#### [WHAT NEEDS TO BE DONE]
Only the lines from the one with "ヘッドレス文芸実行可能DOMO 親指サポーター 手首サポーター" through the last line of the data below are to be duplicated, exactly and without pictures.

#### [DATA SEGMENT]
↓
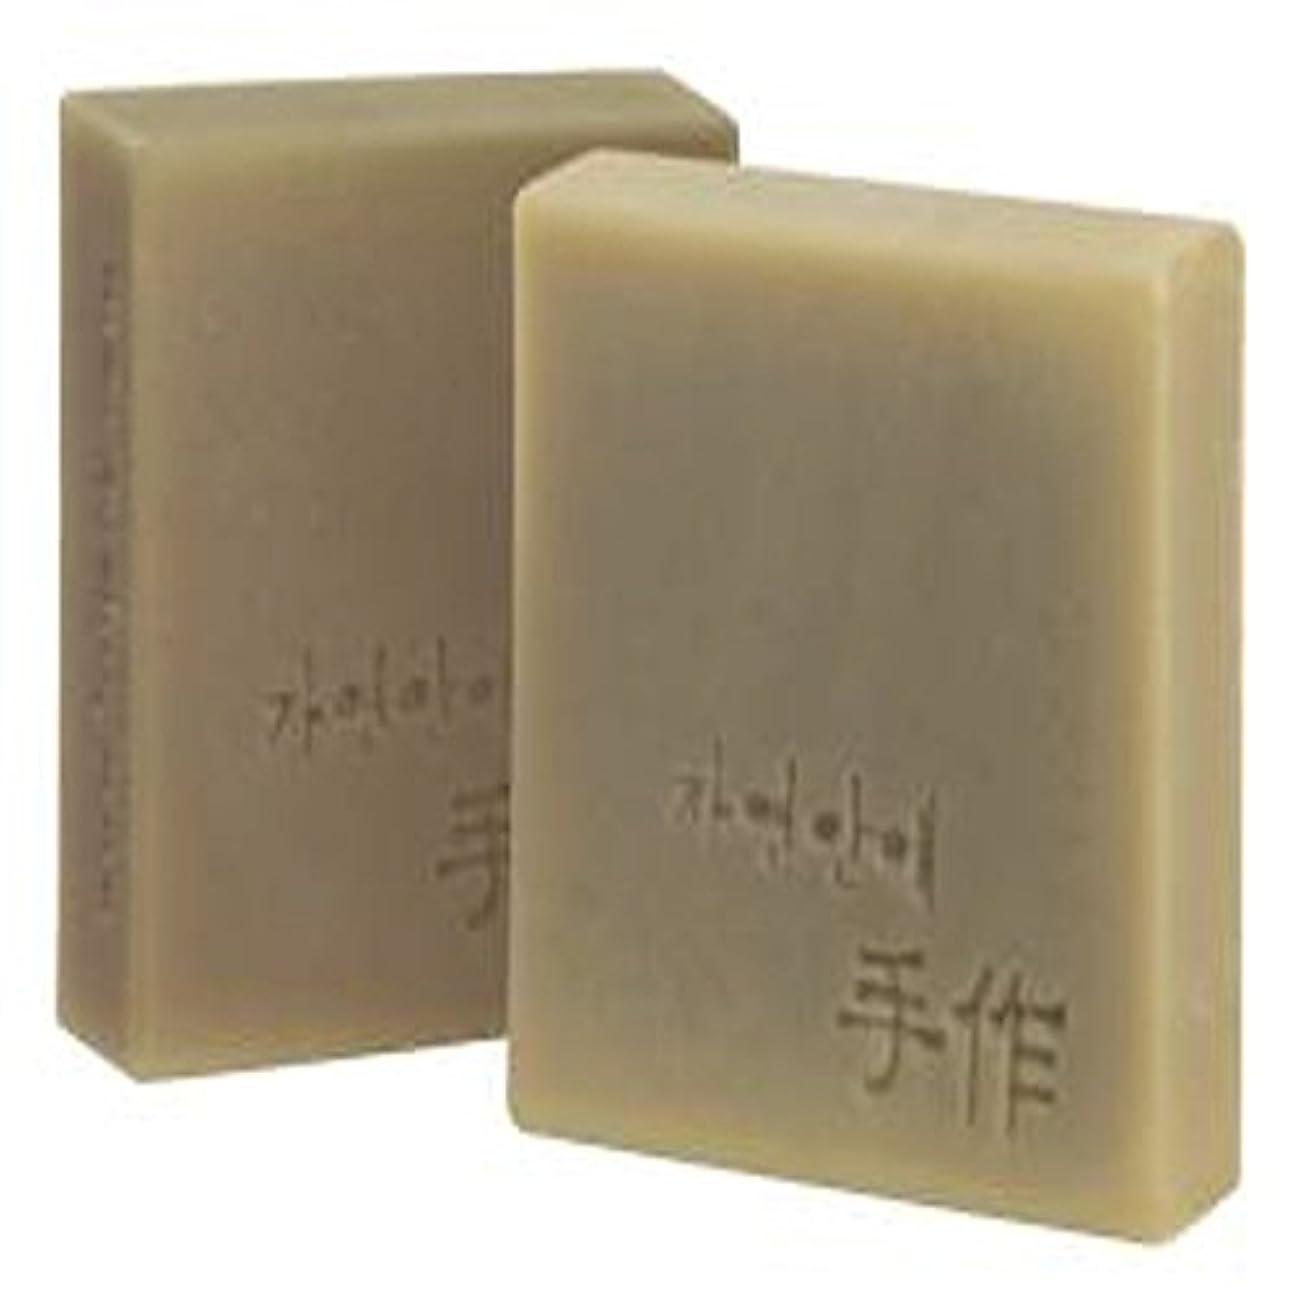 独立何かアロングNatural organic 有機天然ソープ 固形 無添加 洗顔せっけんクレンジング 石鹸 [並行輸入品] (清州)
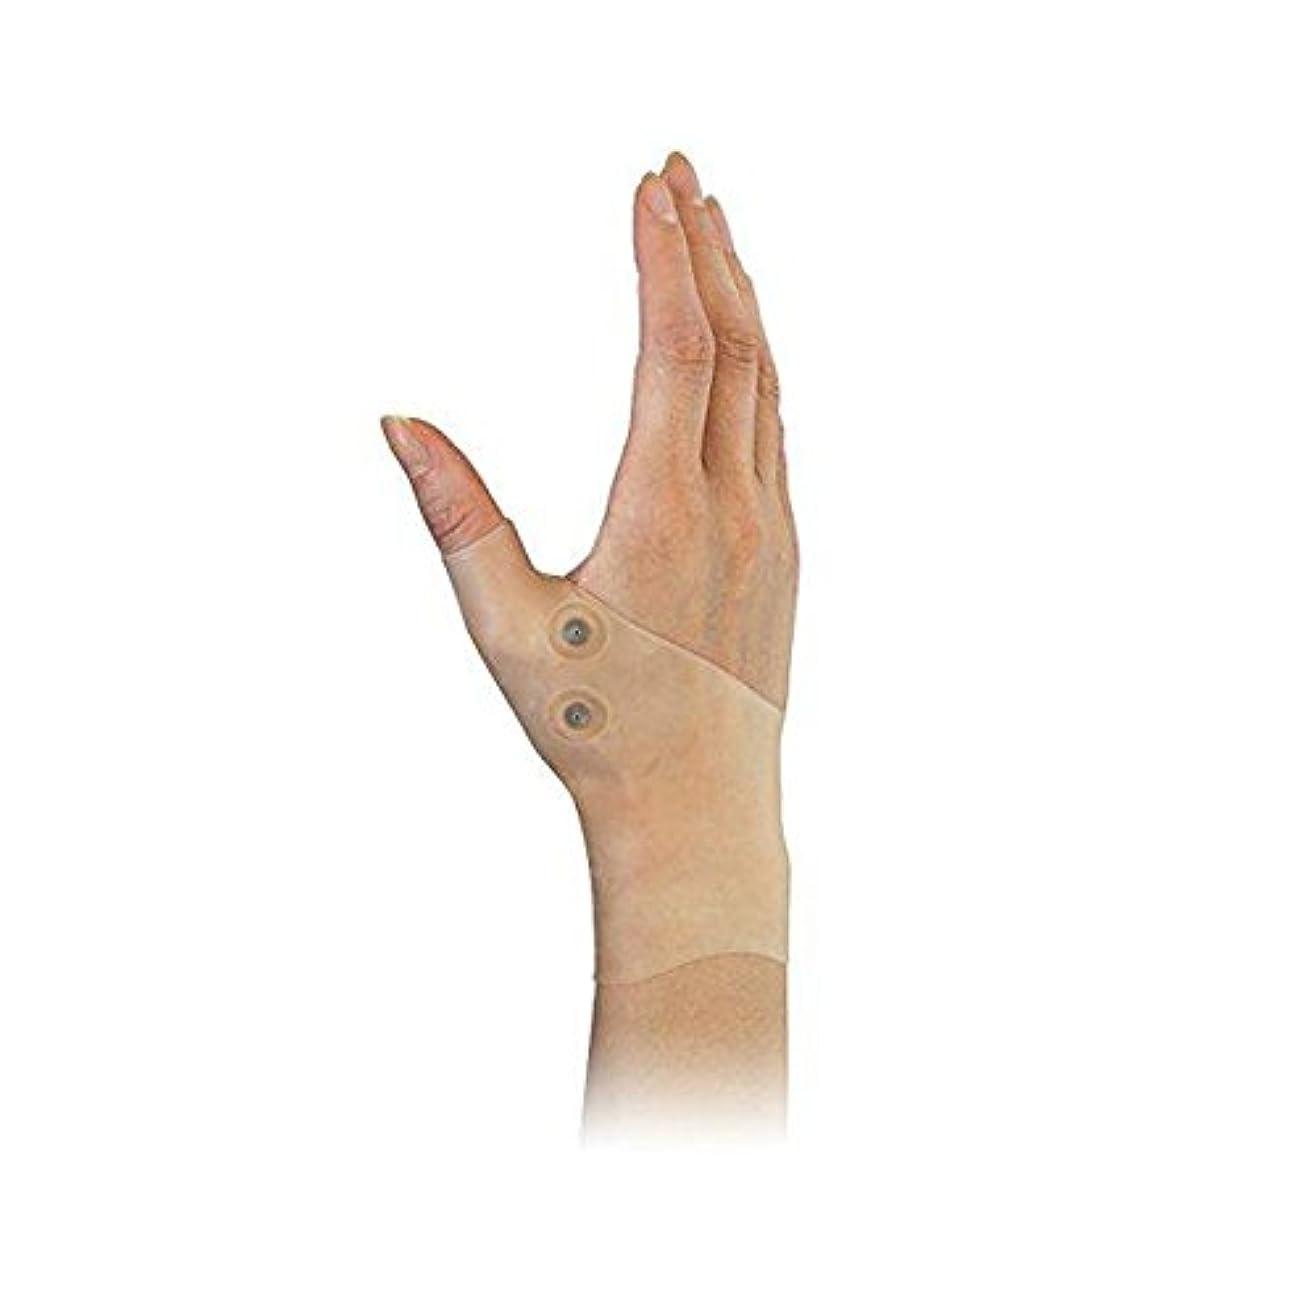 ヘッドレス文芸実行可能DOMO 親指サポーター 手首サポーター 肌の色合い 磁気療法 シリコーン素材 手首ブレース 保護 弾性 洗える 捻挫 腱鞘炎 タイピング 手首と親指の痛み リウマチ 関節炎用 男女兼用
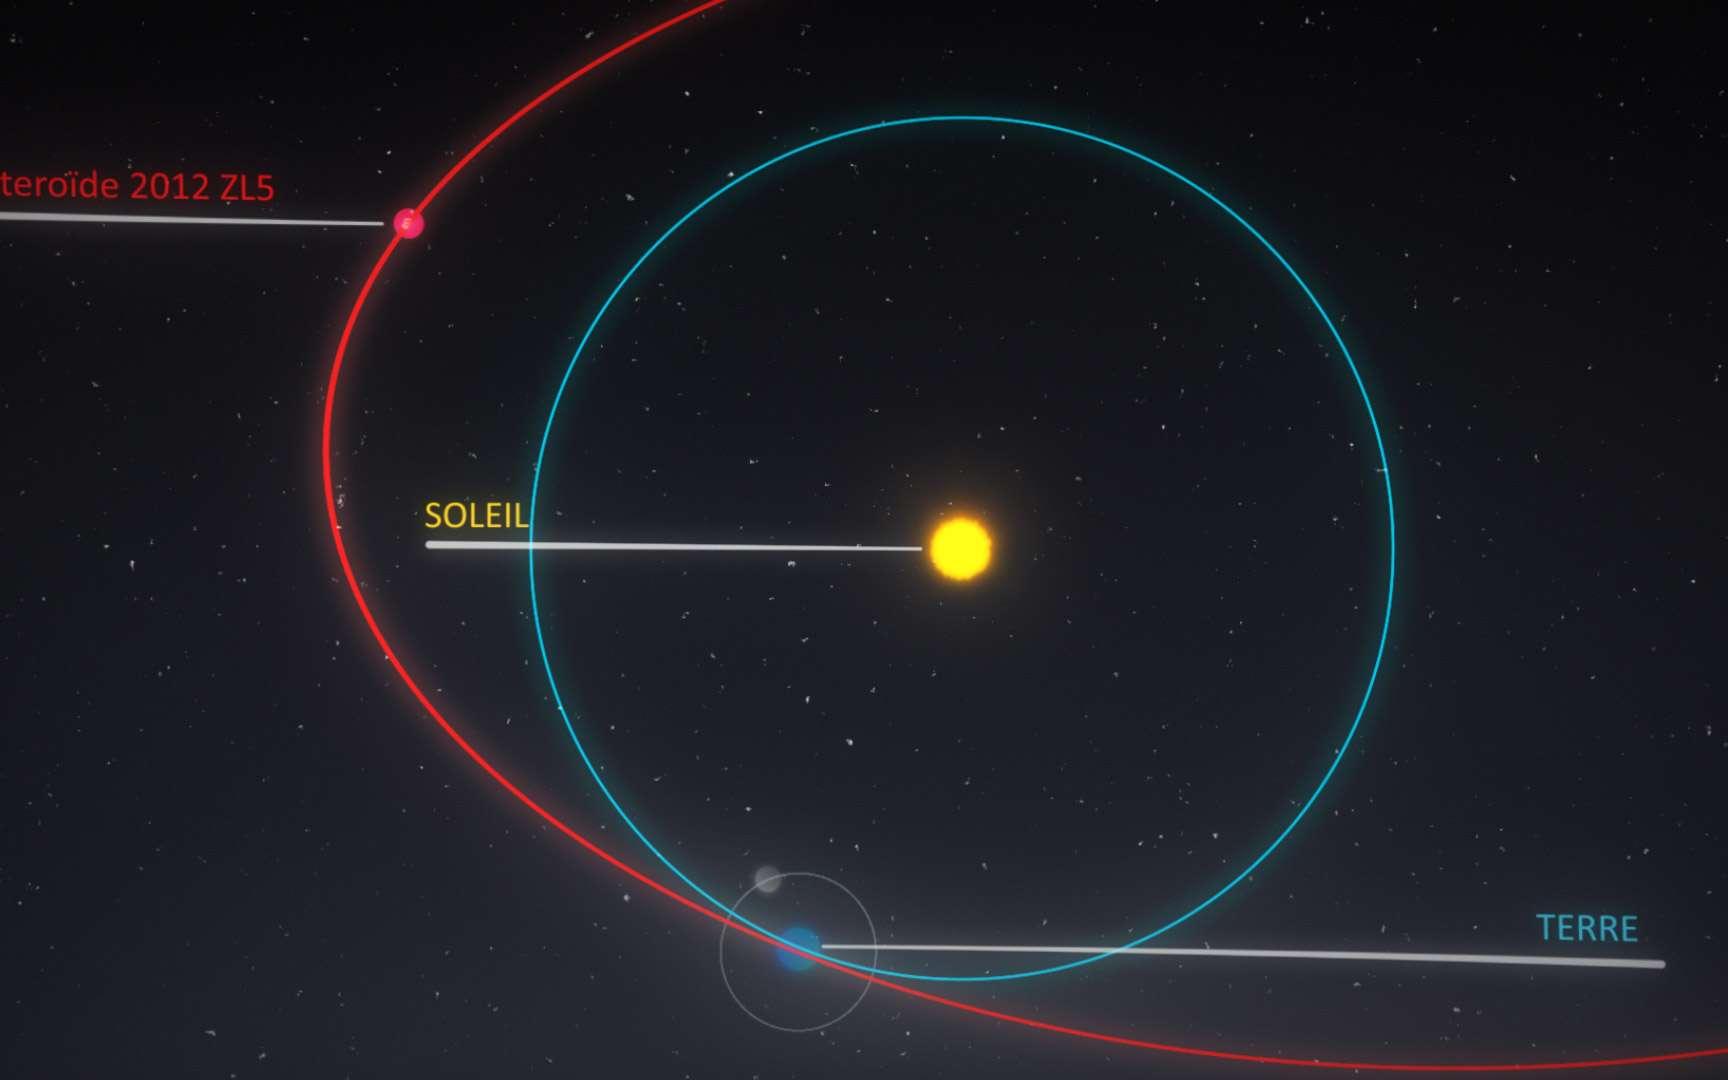 Pour les scientifiques, il ne fait guère de doute que la Terre sera confrontée à la chute d'un astéroïde dévastateur dans les 10.000 années à venir. L'Union européenne vient de lancer le programme NEO-Shield qui vise à préparer une mission de démonstration d'une capacité de protection de la Terre contre les géocroiseurs. © Astrium
↑
#### [TASK ANSWER]
 ヘッドレス文芸実行可能DOMO 親指サポーター 手首サポーター 肌の色合い 磁気療法 シリコーン素材 手首ブレース 保護 弾性 洗える 捻挫 腱鞘炎 タイピング 手首と親指の痛み リウマチ 関節炎用 男女兼用
 Pour les scientifiques, il ne fait guère de doute que la Terre sera confrontée à la chute d'un astéroïde dévastateur dans les 10.000 années à venir. L'Union européenne vient de lancer le programme NEO-Shield qui vise à préparer une mission de démonstration d'une capacité de protection de la Terre contre les géocroiseurs. © Astrium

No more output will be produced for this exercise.